WHAT YOU SHOULD DO »
Word for word, print out all of the data, omitting every image.

SOURCE MATERIAL »
● ● ●

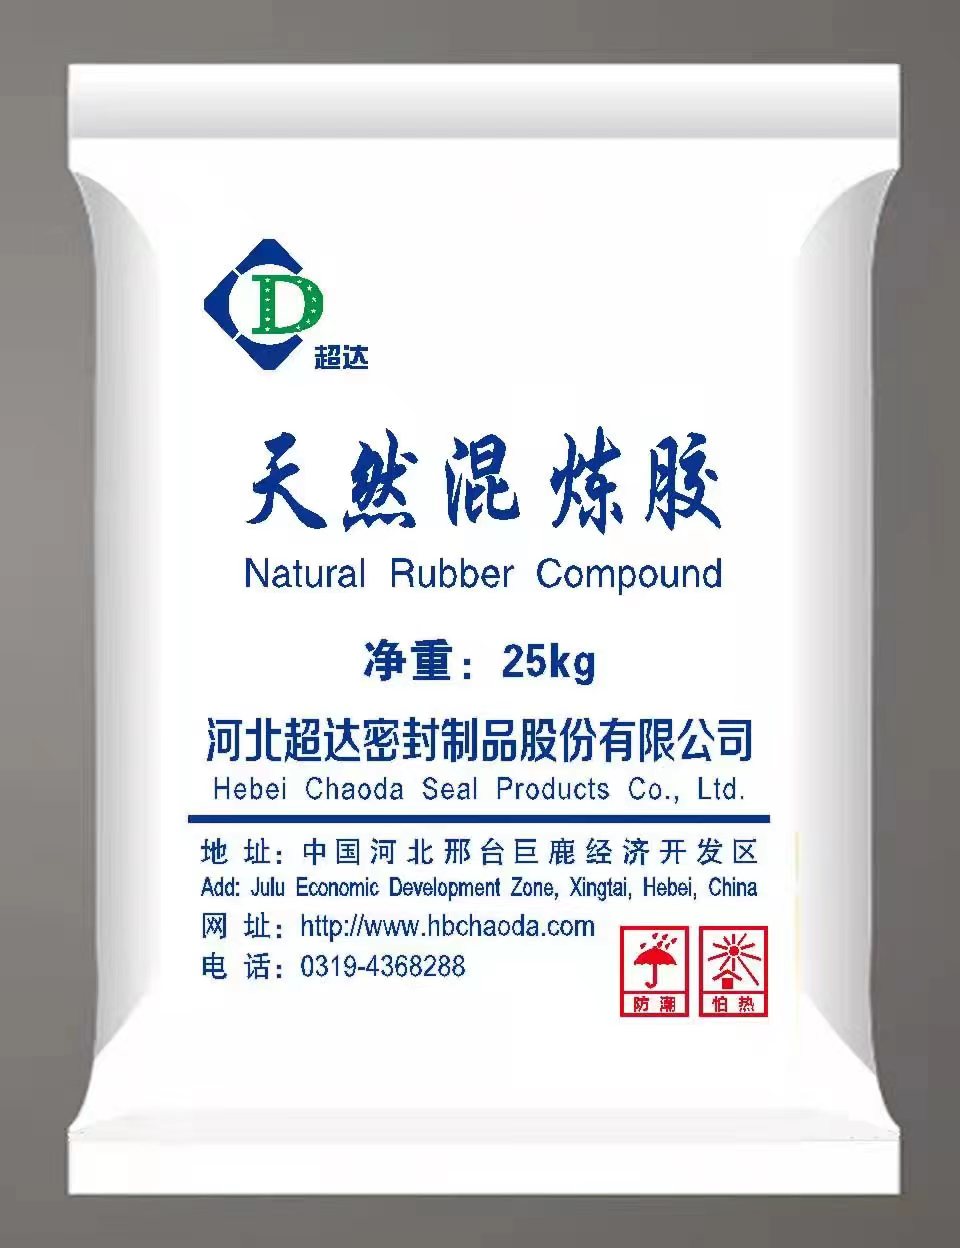 Natural rubber compound
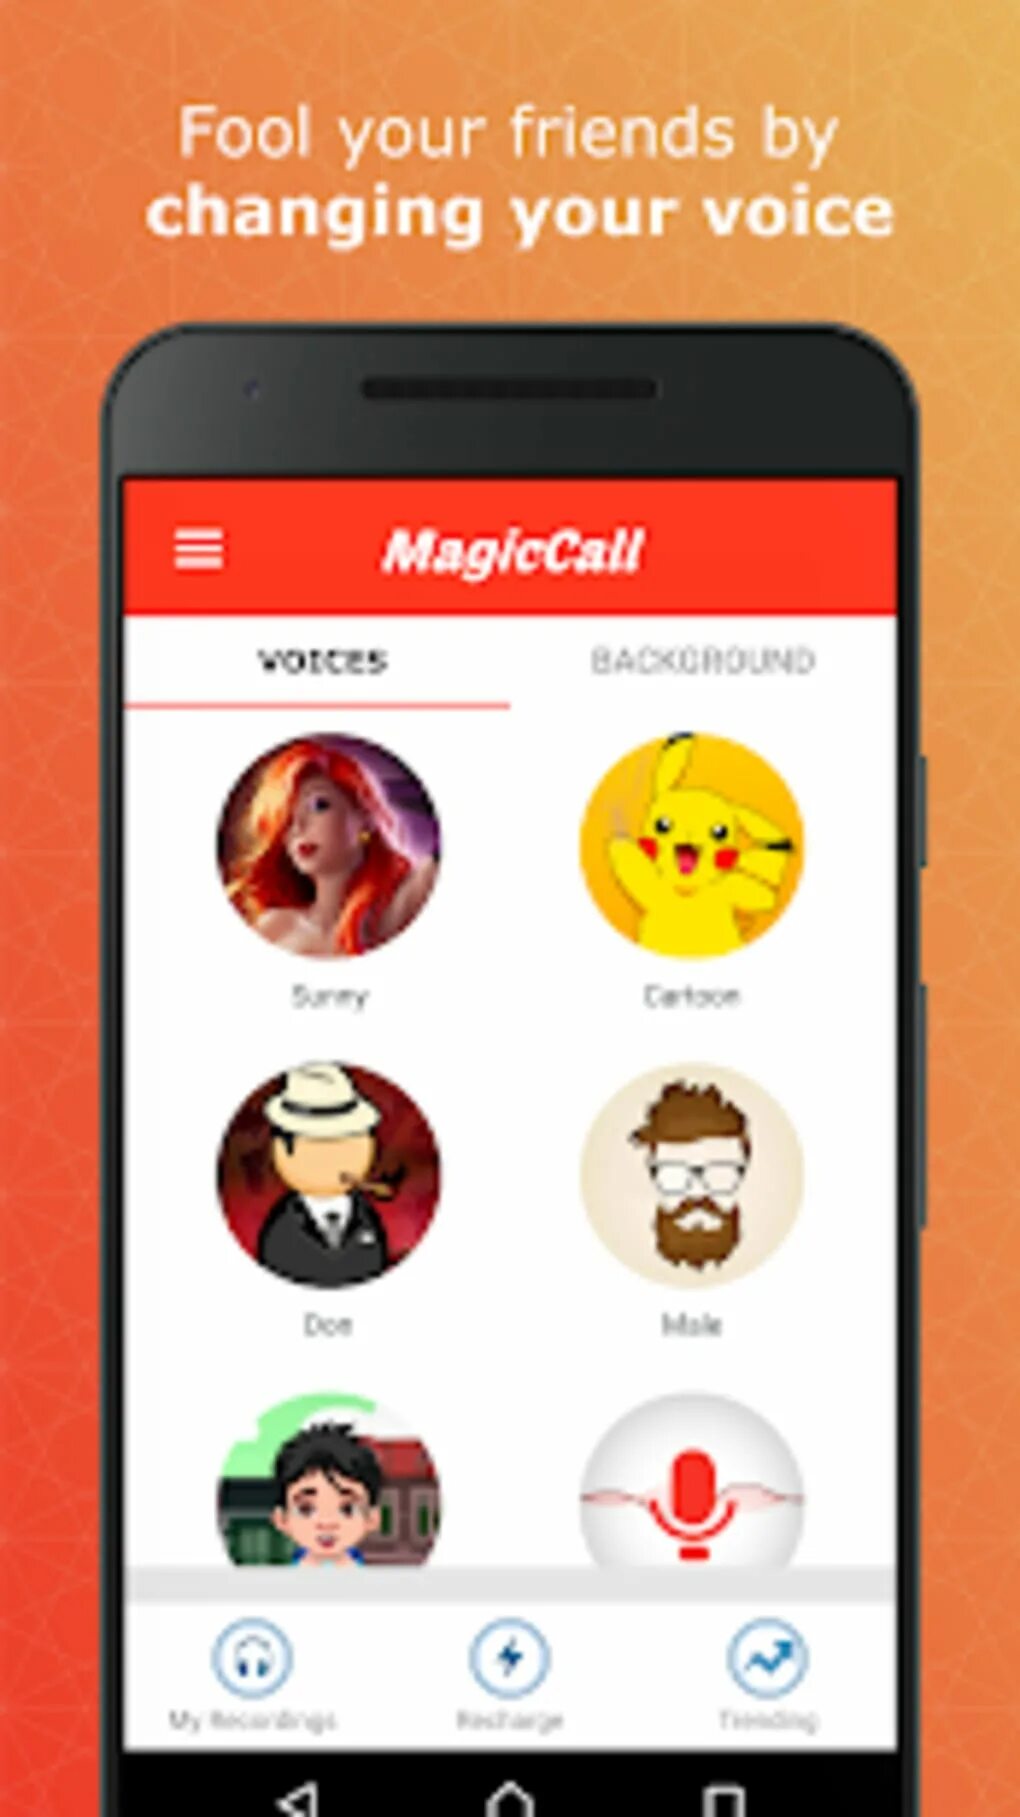 Magiccall. MAGICCALL Voice Changer app. ПРАНК изменение голоса. Voice. App приложение для общения. Изменение голоса в реальном времени на андроид.
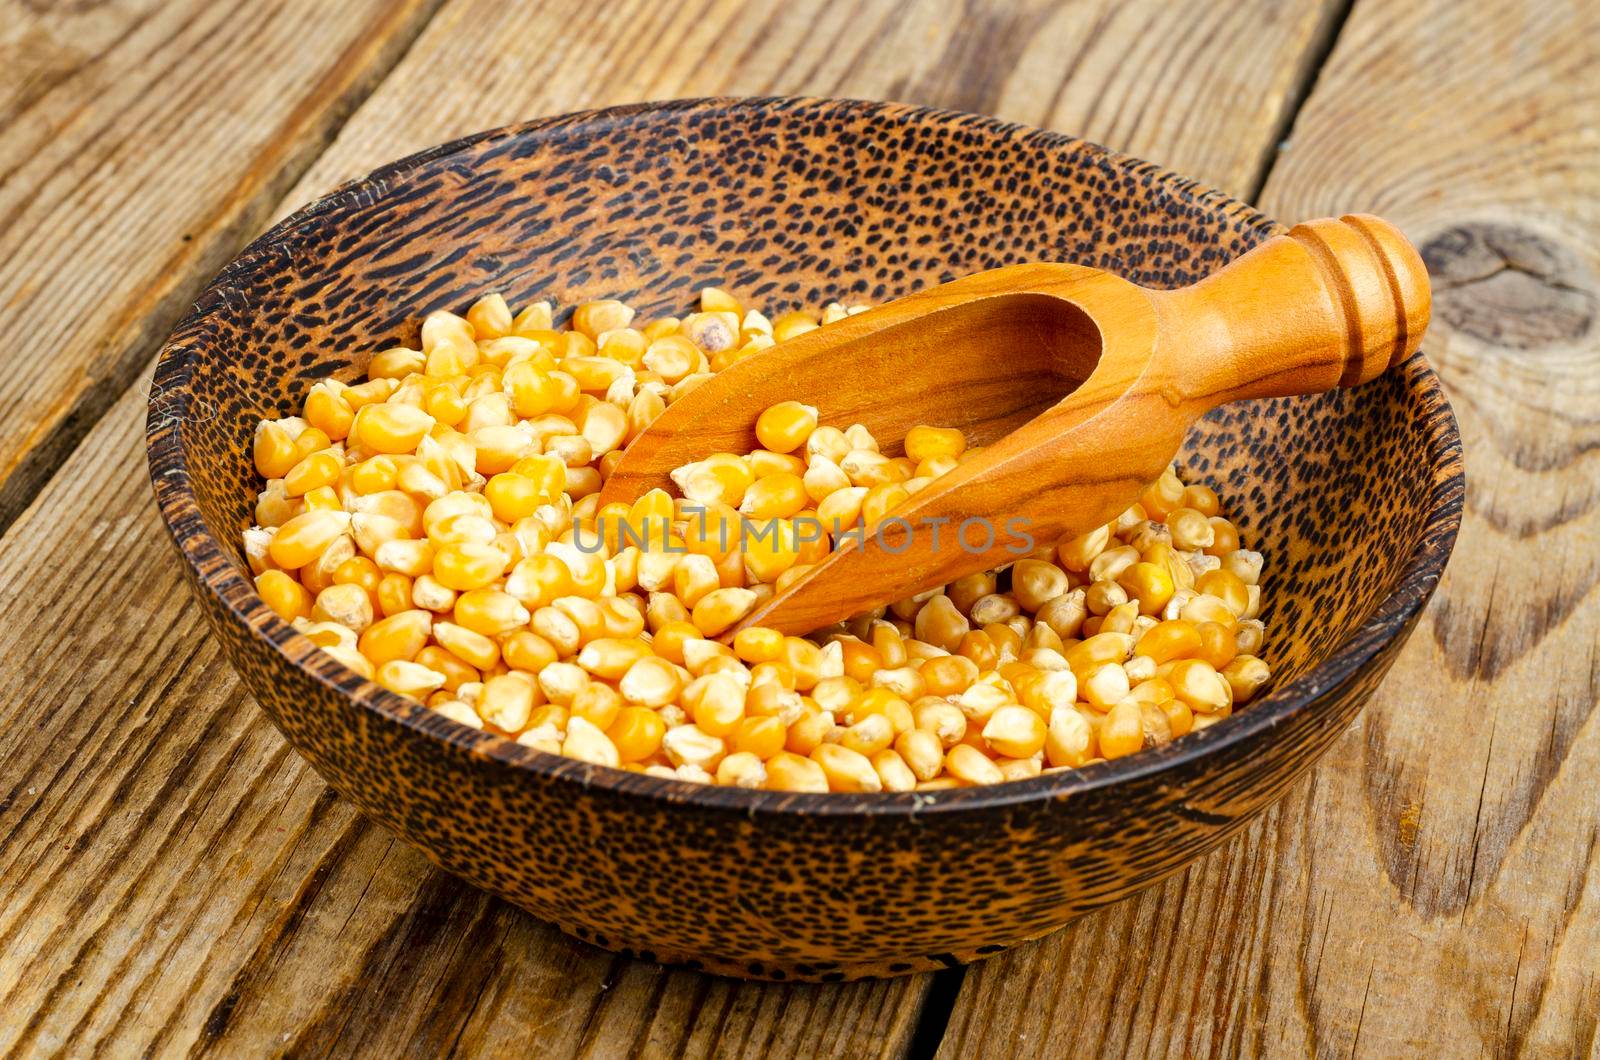 Dry corn grains in bowl for making popcorn. Studio Photo

● ● ●

RESPONSE FOR THIS EXERCISE »
 Natural rubber compound
 Magiccall. MAGICCALL Voice Changer app. ПРАНК изменение голоса. Voice. App приложение для общения. Изменение голоса в реальном времени на андроид.
 Dry corn grains in bowl for making popcorn. Studio Photo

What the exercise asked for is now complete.